One limitation of this report is it only measures the time taken for the client thread to complete a given read or write workload. The LSM-based implementations also use a separate "compaction thread" to rewrite the data. This thread overhead is therefore not measured by the benchmark and not reported here. Given the compaction thread remains very busy during sustained write operations, the LSM-based implementations reduce the availability of a second core for end user application workloads. This may be of concern on CPU-constrained servers (and in particular low cost cloud deployments with limited VM cores per instance).
Finally, LSM-based implementations typically offer considerable tuning options. Users are expected to tune the store based on their workload type, storage type and file system configuration (block size, parity etc). Such extensive tuning was not conducted in this benchmark because the workload was very comfortably memory-bound and an effort had already been made to determine reasonable batch sizes. A production LSM deployment will need to tune these parameters carefully. A key feature of the non-LSM implementations is they do not require such tuning.
Test 4: 1 Million X 100 Byte Values
Now that appropriate settings have been verified, this is the first test of all implementations. In all of these benchmarks we are inserting 1M entries. The vertical (y) axis of each performance graph uses a log scale.
We begin by reviewing the storage space required by each implementation's memory-mapped files. We can see that LevelDB and RocksDB are very efficient, requiring less than 3% overhead to store the data. LMDB requires around 65% more bytes than the size of a flat array, due to its B+ tree layout and copy-on-write page allocation approach. These collectively provide higher read performance and LMDB's MVCC ACID transactional support. As we will see later, this overhead reduces as the value sizes are increased. It is unclear why Xodus produces an output directory 4.5 times larger than a flat array.
99 MB Sequential Access (Integers)
We start with the most mechanically sympathetic workload. If you have integer keys and can insert them in sequential order, the above graphs illustrate the type of latencies achievable across the various implementations. LMDB is clearly the fastest option, even (surprisingly) including writes.
110 MB Sequential Access (String)
Here we simply run the same benchmark as before, but with string keys instead of integer keys.

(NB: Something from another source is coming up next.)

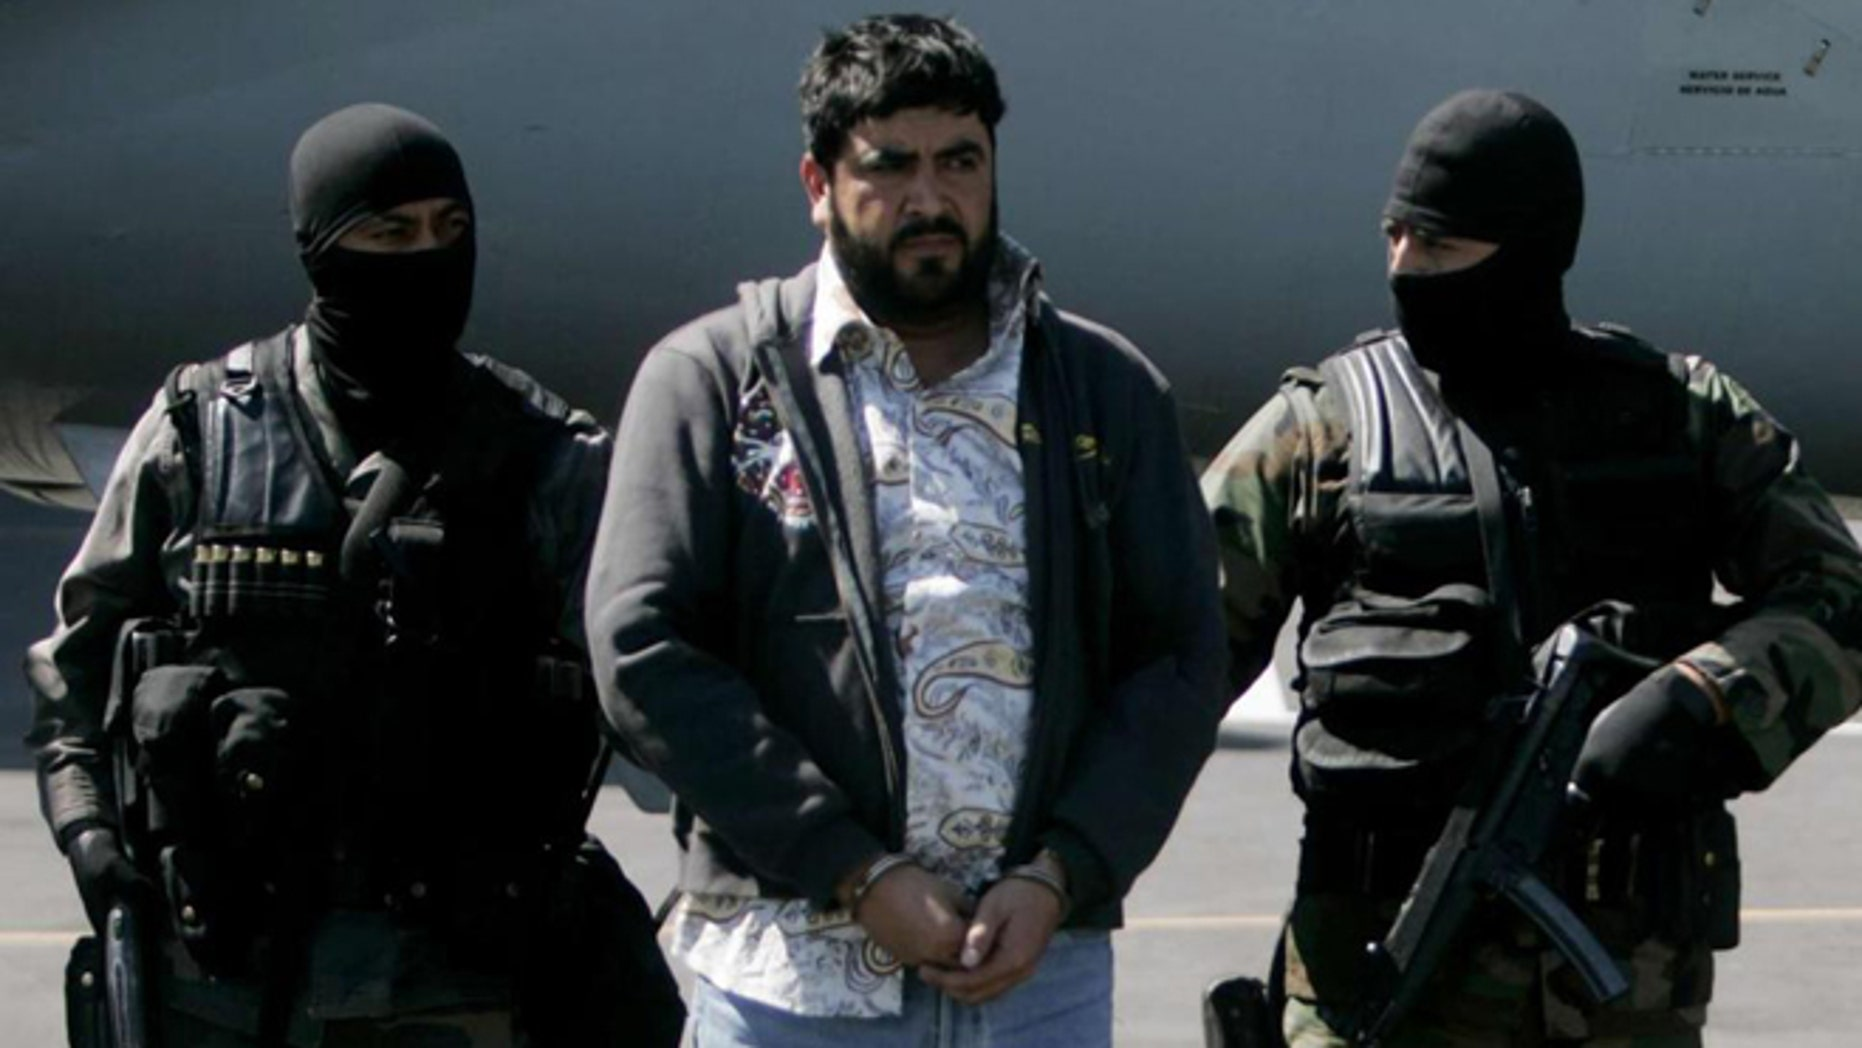 Alfredo Beltran Leyva is escorted through Mexico City Airport in 2008. (Photo: EDUARDO VERDUGO/ASSOCIATED PRESS)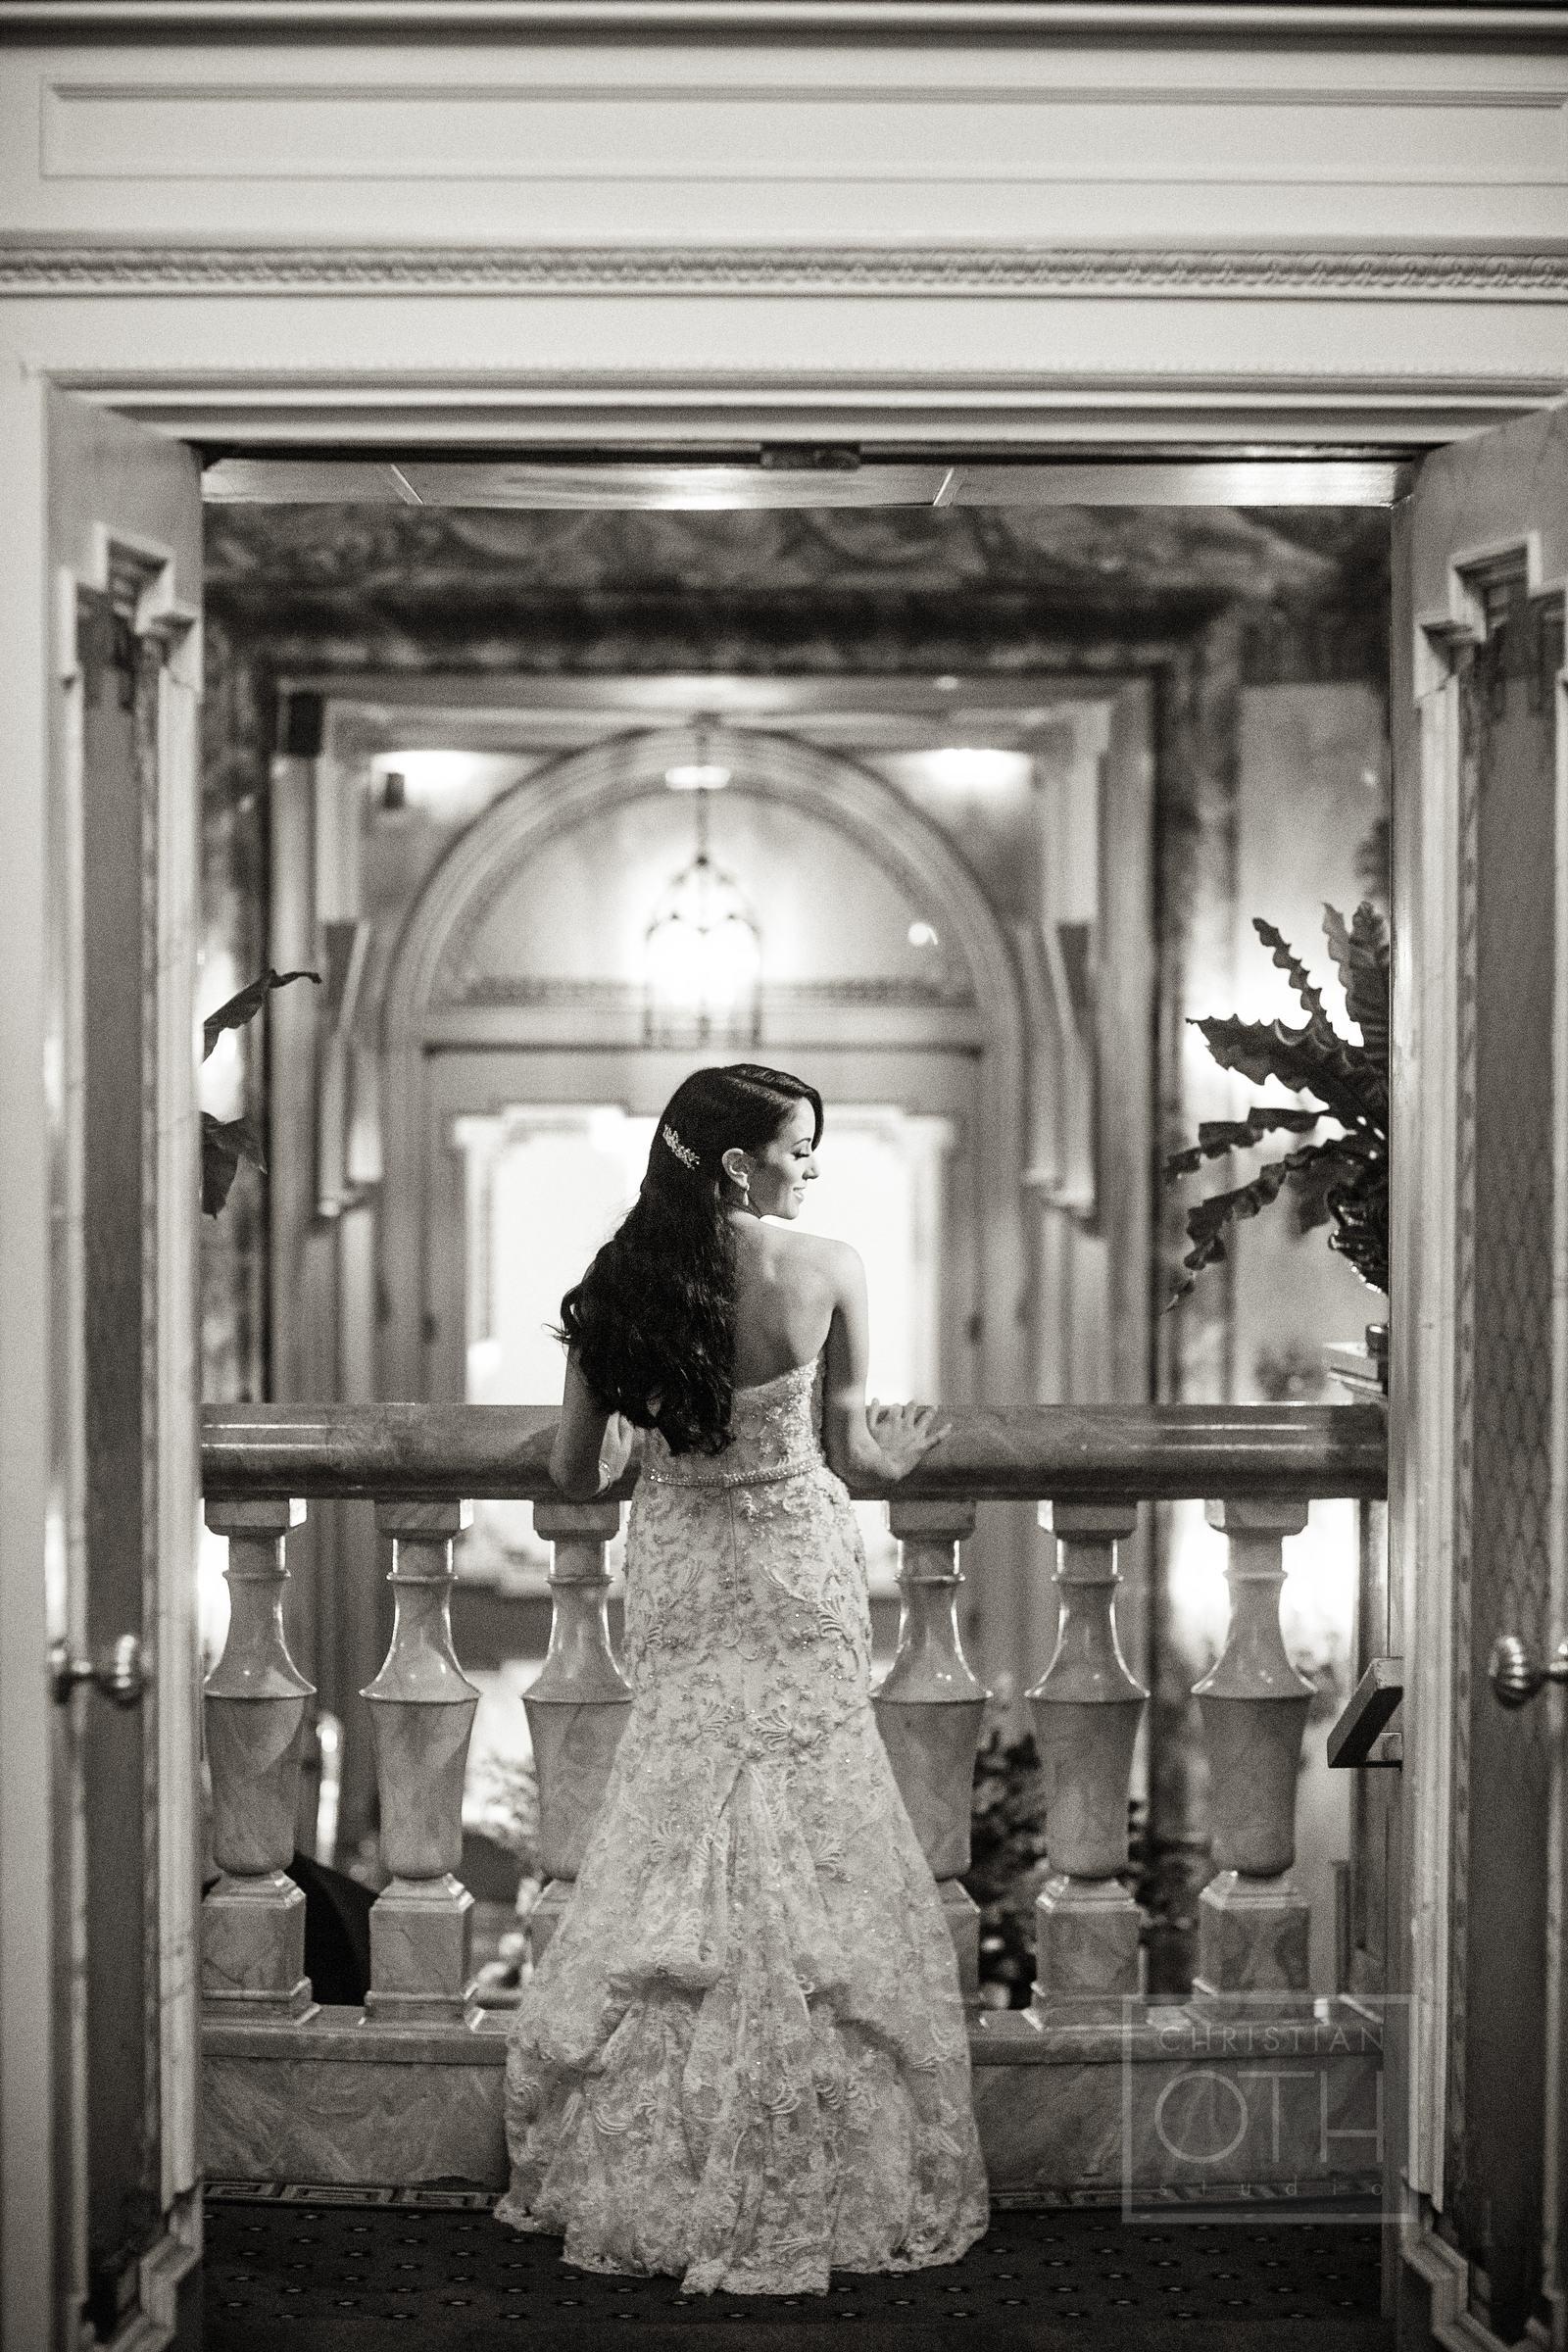 Ceci_New_York_Custom_Invitation_Pierre__City_ Destination_Wedding_Luxury_Personalized_Ceci_Style_Bride_Rose_Gold_Foil_Stamping49.JPG

Our string keys are the same integers as our last benchmark, but this time they are recorded as a zero-padded string. LMDB continues to perform better than any alternative, including for writes. This confirms the previous result seen with sequentially-inserted integer keys.
99 MB Random Access (Integers)
Next up we farewell mechanical sympathy and apply some random workloads. Here
we write the keys out in random order, and we read them back (the
benchmark) in that same random order. The remaining operations are all cursors
over sequentially-ordered keys. The graphs show LMDB is consistently faster for
all operations, even including writes.
110 MB Random Access (Strings)
This benchmark is the same as the previous, except with our zero-padded string keys. There are no surprises; we see similar results as previously reported.
Test 5: 10 Million X 2,026 Byte Values
In our fifth test we burden the implementations with a larger workload to see how they perform. We store 10M entries with 2,026 byte values, which is roughly 19 GB RAM before implementation overhead.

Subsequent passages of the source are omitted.